• [Work instruction]: In the material below, pictures must be dropped. Repeat exactly, and only, the lines from the line with "Calendario por semestre" to the line with "- Gene Wolfe", both ends included.

• [Extracted records]:
:::

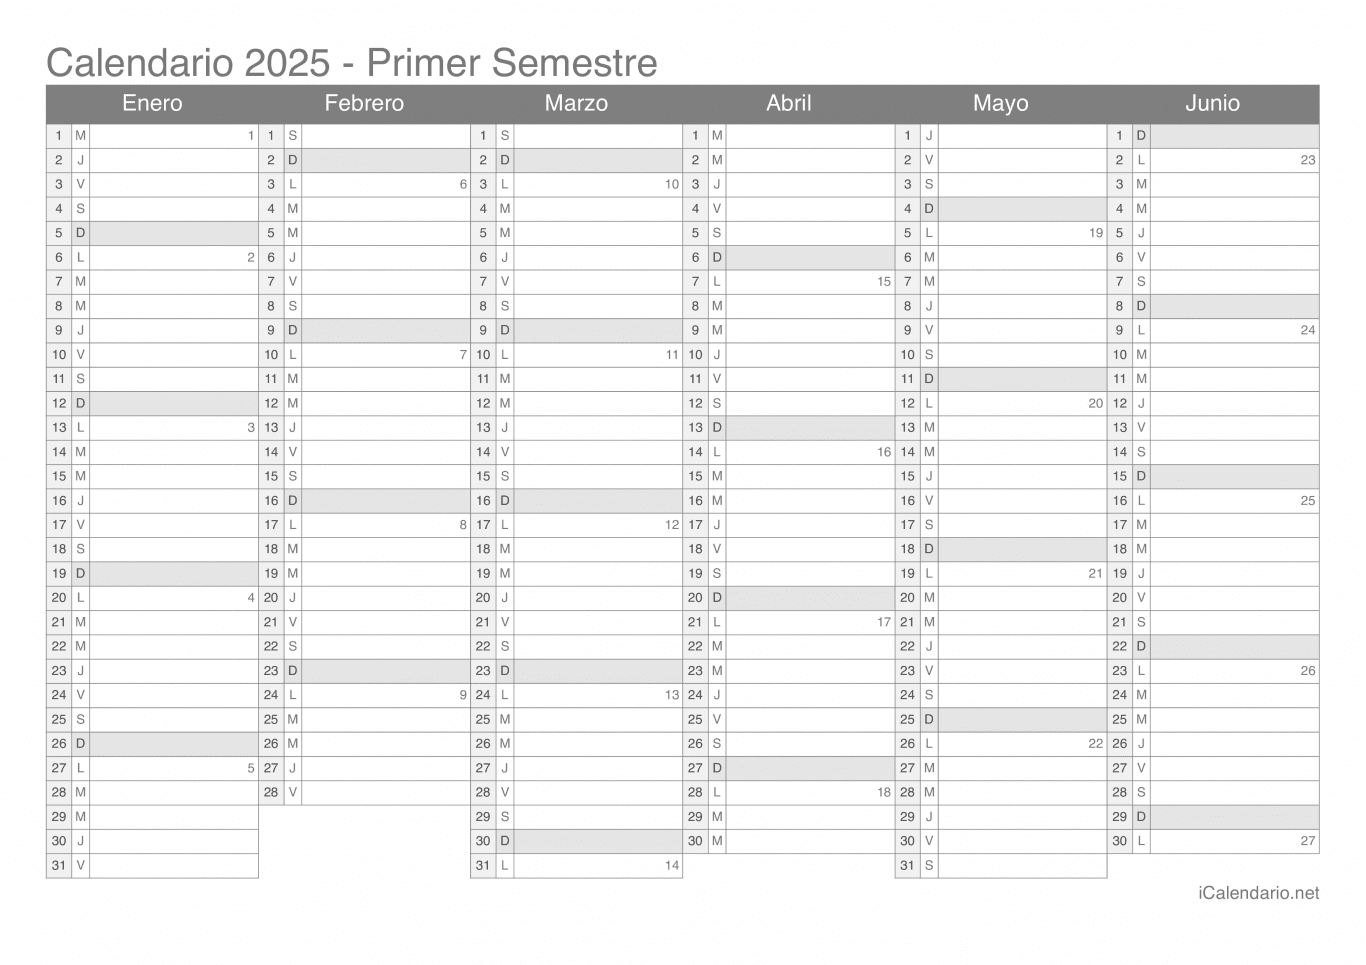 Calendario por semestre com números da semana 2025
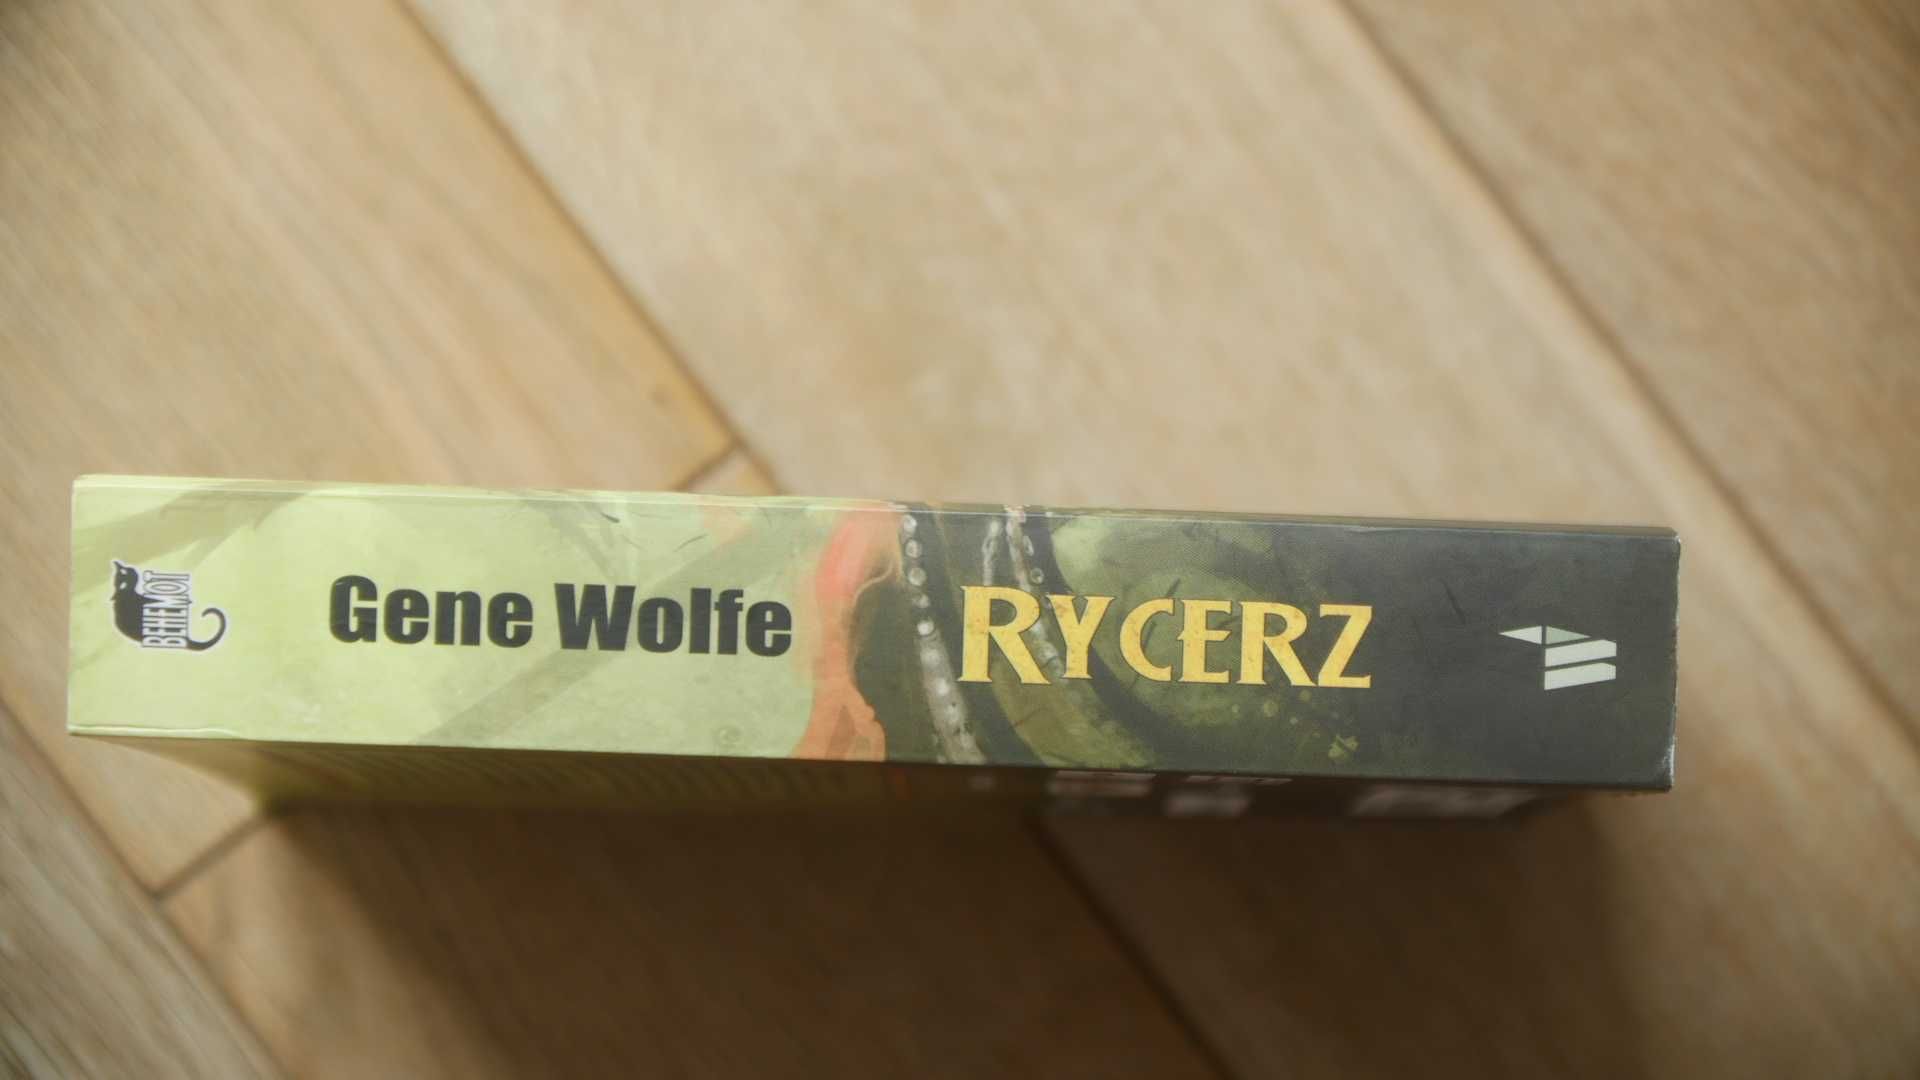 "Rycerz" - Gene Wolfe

:::

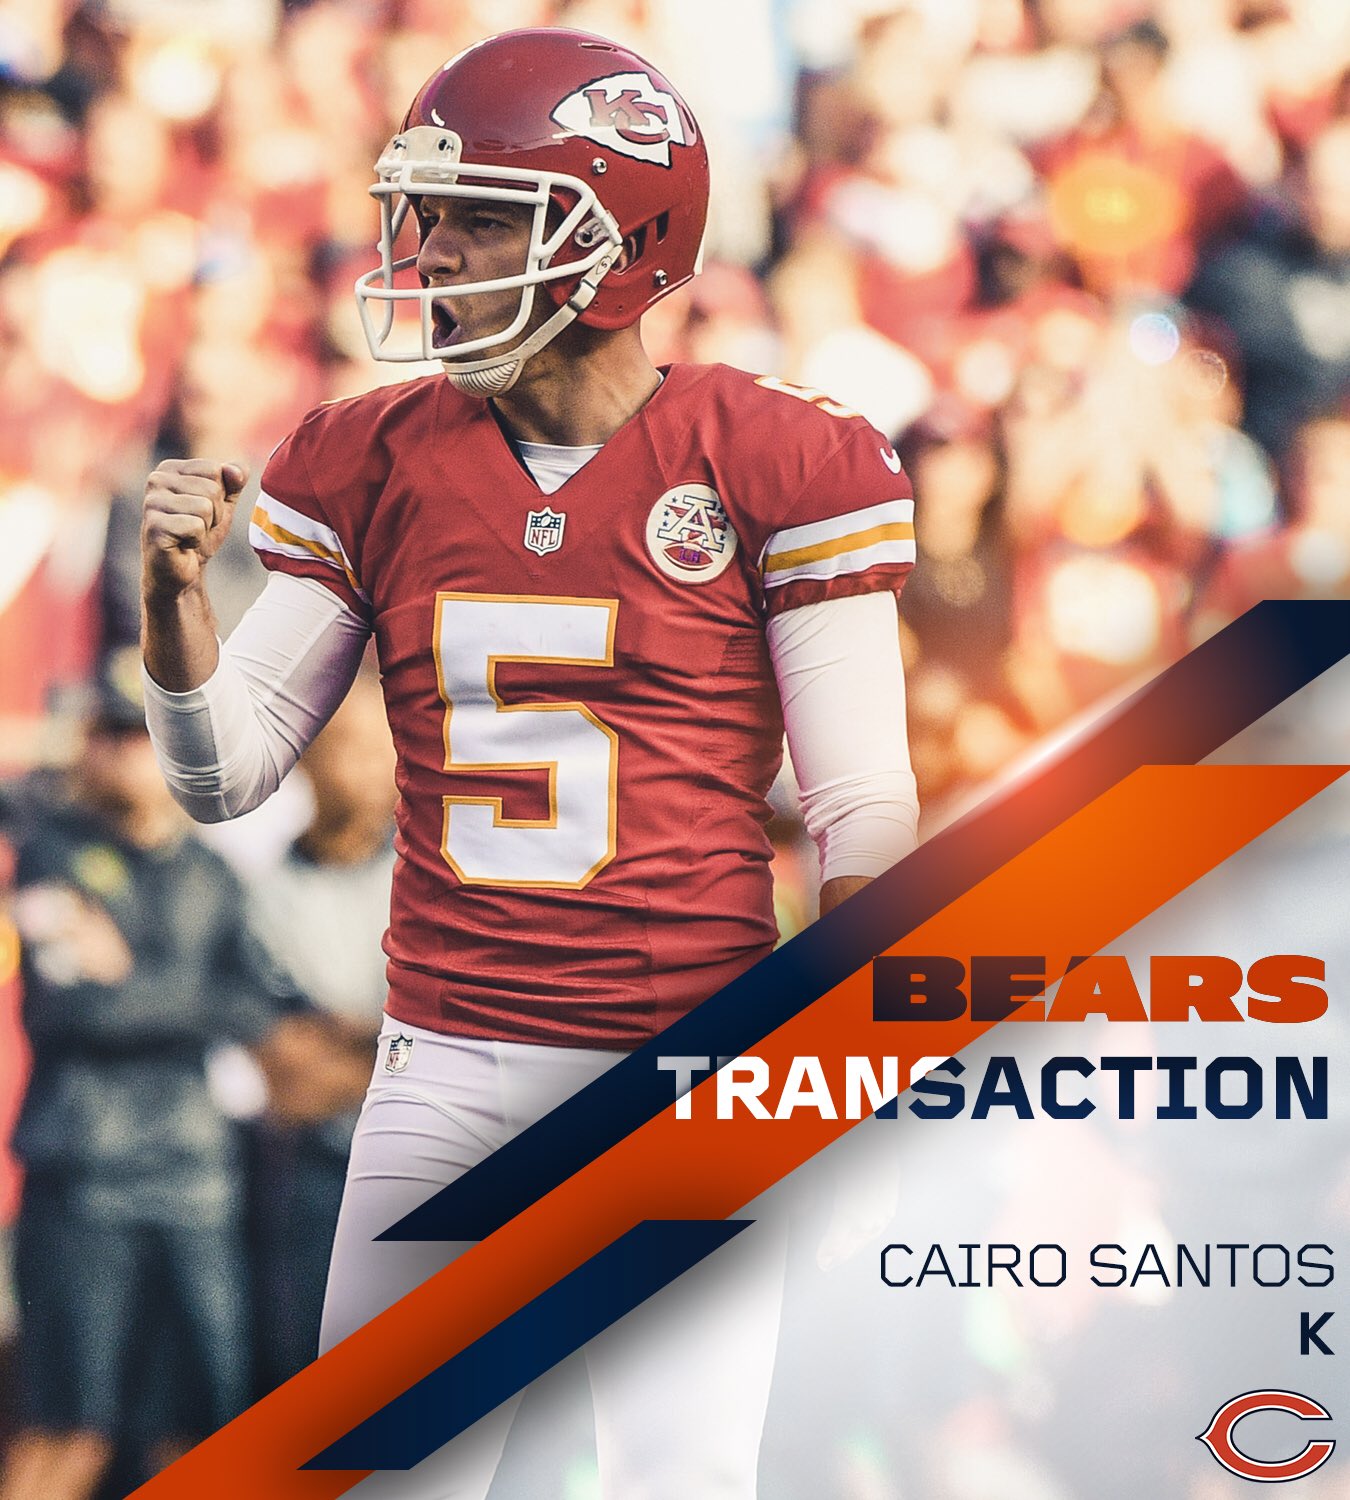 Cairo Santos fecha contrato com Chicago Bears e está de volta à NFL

:::

• [Output of the task]:
 Calendario por semestre com números da semana 2025
 "Rycerz" - Gene Wolfe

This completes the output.